START MATERIAL SUPPLIED

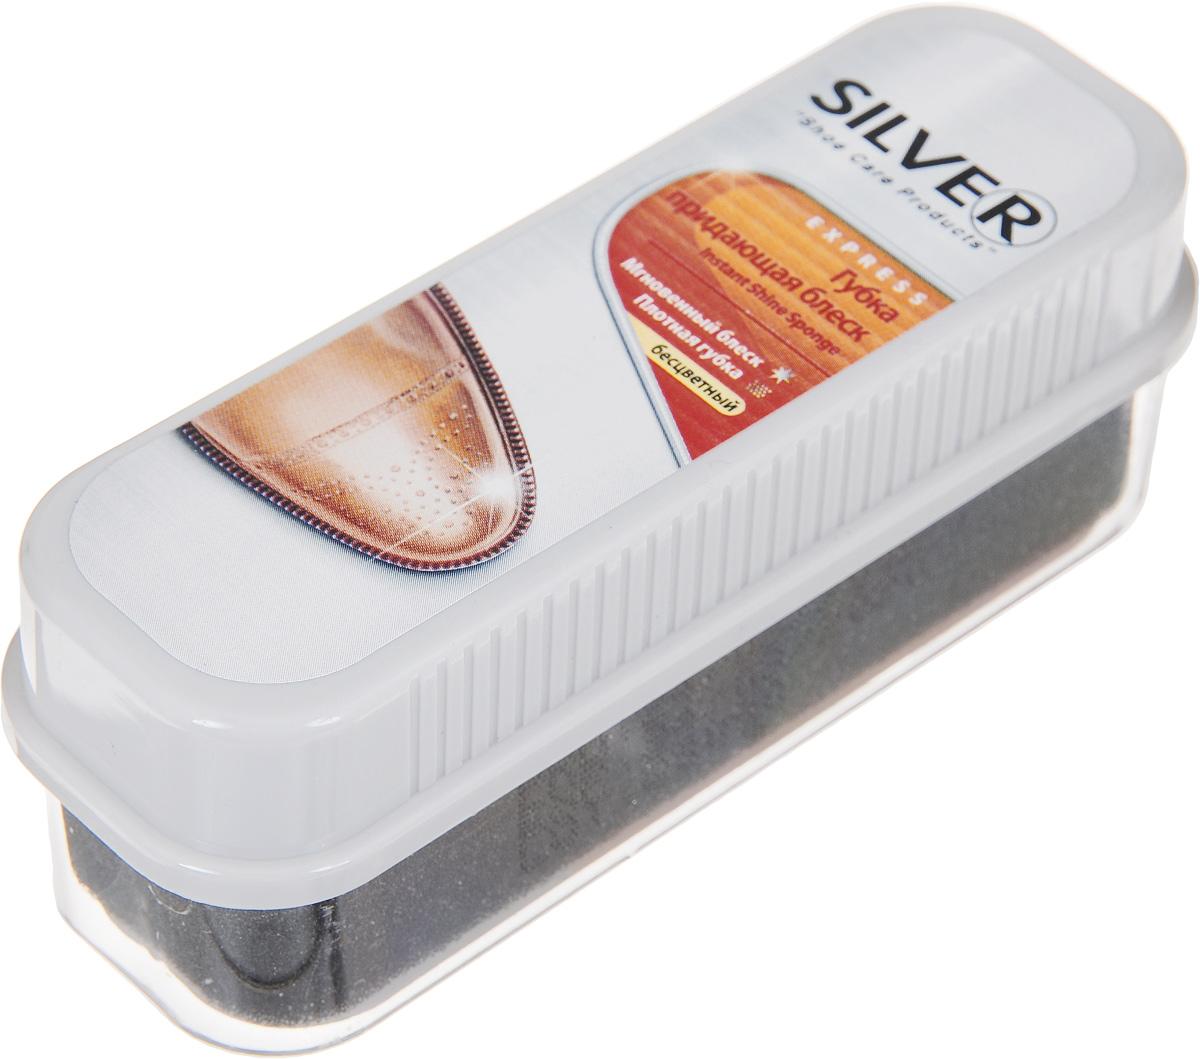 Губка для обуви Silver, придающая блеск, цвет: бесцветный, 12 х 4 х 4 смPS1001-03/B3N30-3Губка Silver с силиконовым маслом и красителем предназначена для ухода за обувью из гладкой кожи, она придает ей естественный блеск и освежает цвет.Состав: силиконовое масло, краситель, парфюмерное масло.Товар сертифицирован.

END MATERIAL SUPPLIED
START MATERIAL SUPPLIED

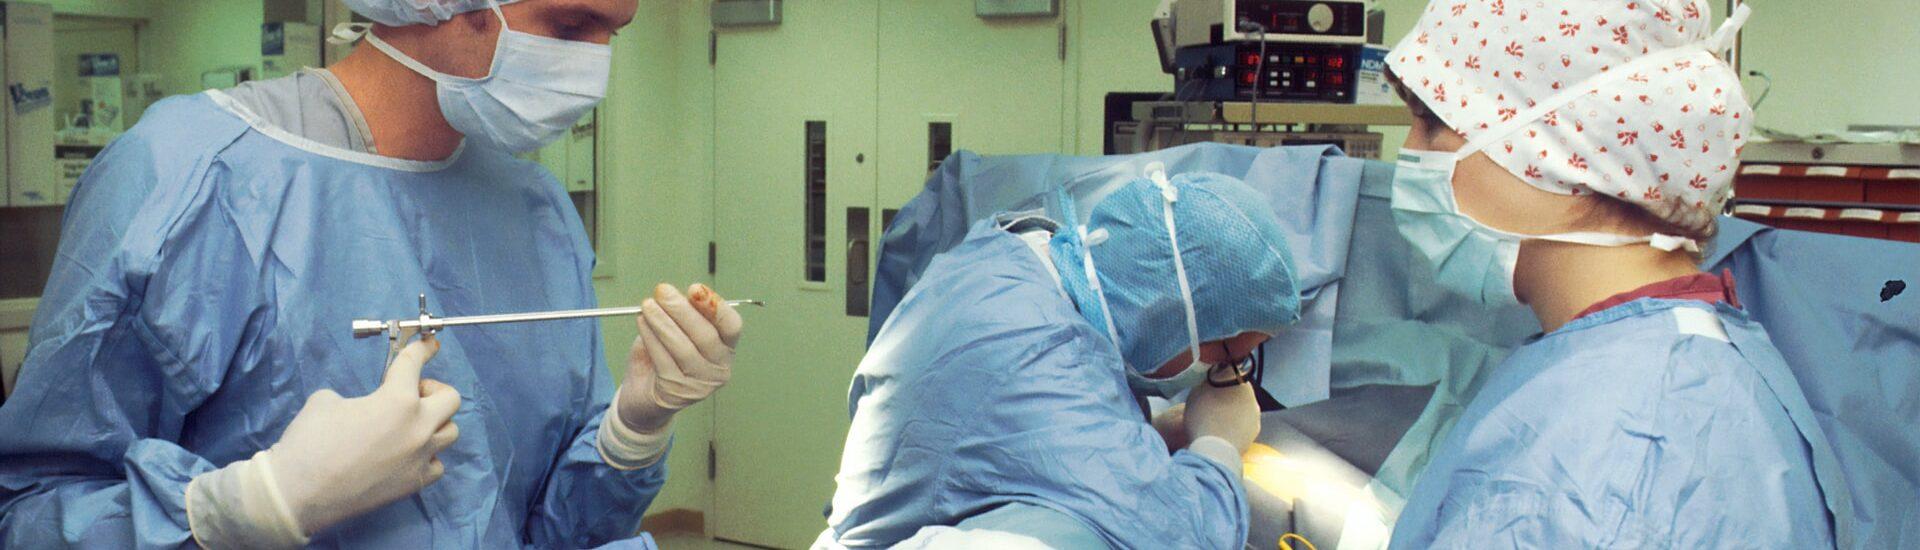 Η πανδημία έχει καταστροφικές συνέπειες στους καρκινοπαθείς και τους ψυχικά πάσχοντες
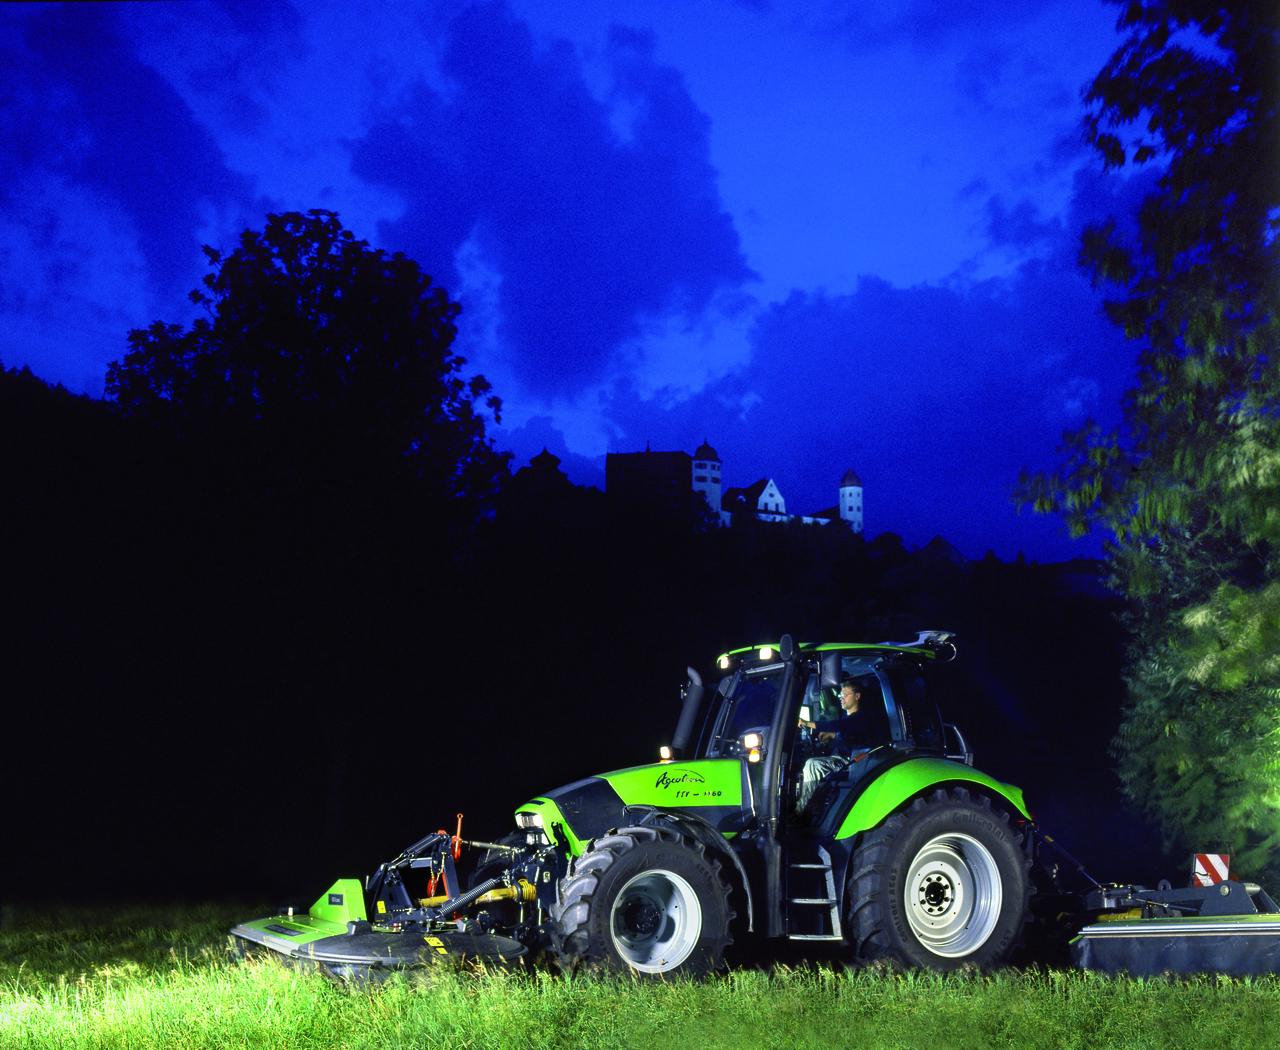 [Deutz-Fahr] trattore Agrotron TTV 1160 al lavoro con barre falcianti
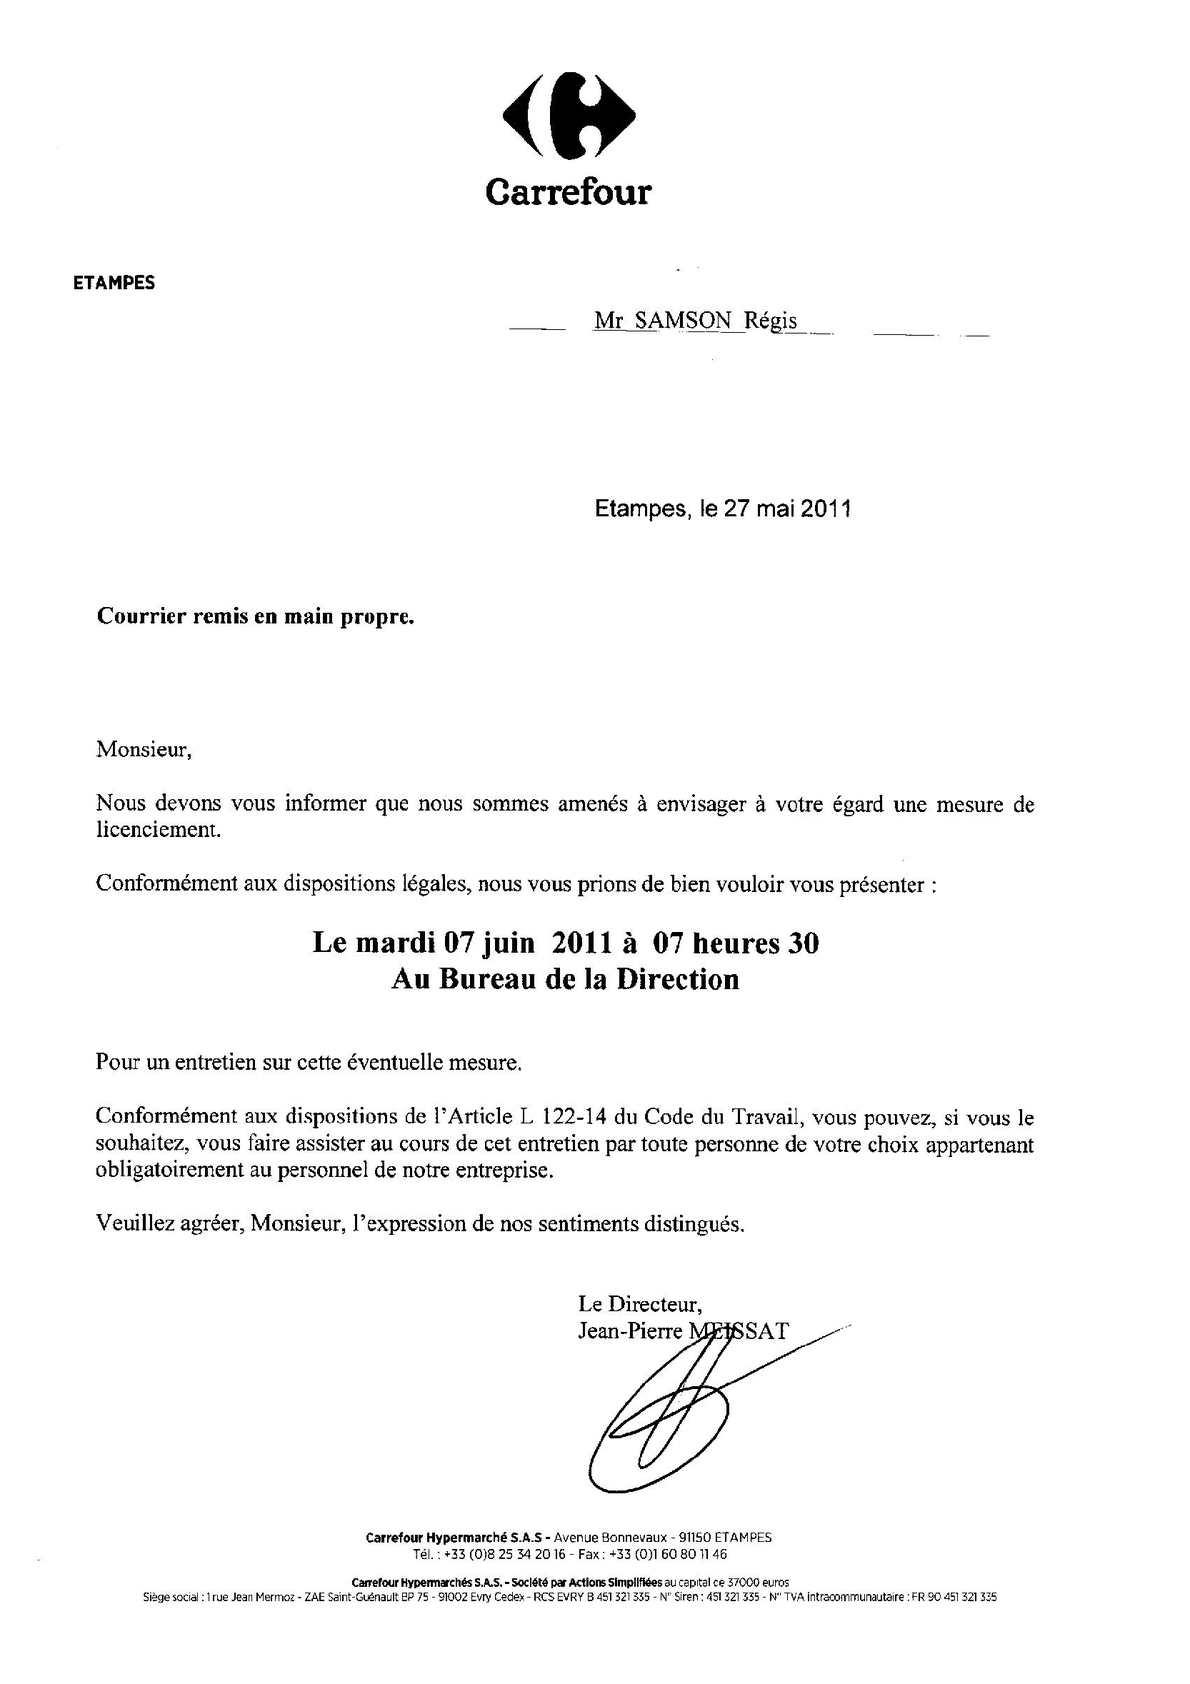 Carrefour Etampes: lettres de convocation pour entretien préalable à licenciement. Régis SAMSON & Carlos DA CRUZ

END MATERIAL SUPPLIED

THE PROBLEM:
Using the data above, return the lines from the one holding "Η πανδημία έχει" through the one holding "Carrefour Etampes: lettres" exactly, but not the pictures.

ANSWER TO THIS EXERCISE:
 Η πανδημία έχει καταστροφικές συνέπειες στους καρκινοπαθείς και τους ψυχικά πάσχοντες
 [Deutz-Fahr] trattore Agrotron TTV 1160 al lavoro con barre falcianti
 Carrefour Etampes: lettres de convocation pour entretien préalable à licenciement. Régis SAMSON & Carlos DA CRUZ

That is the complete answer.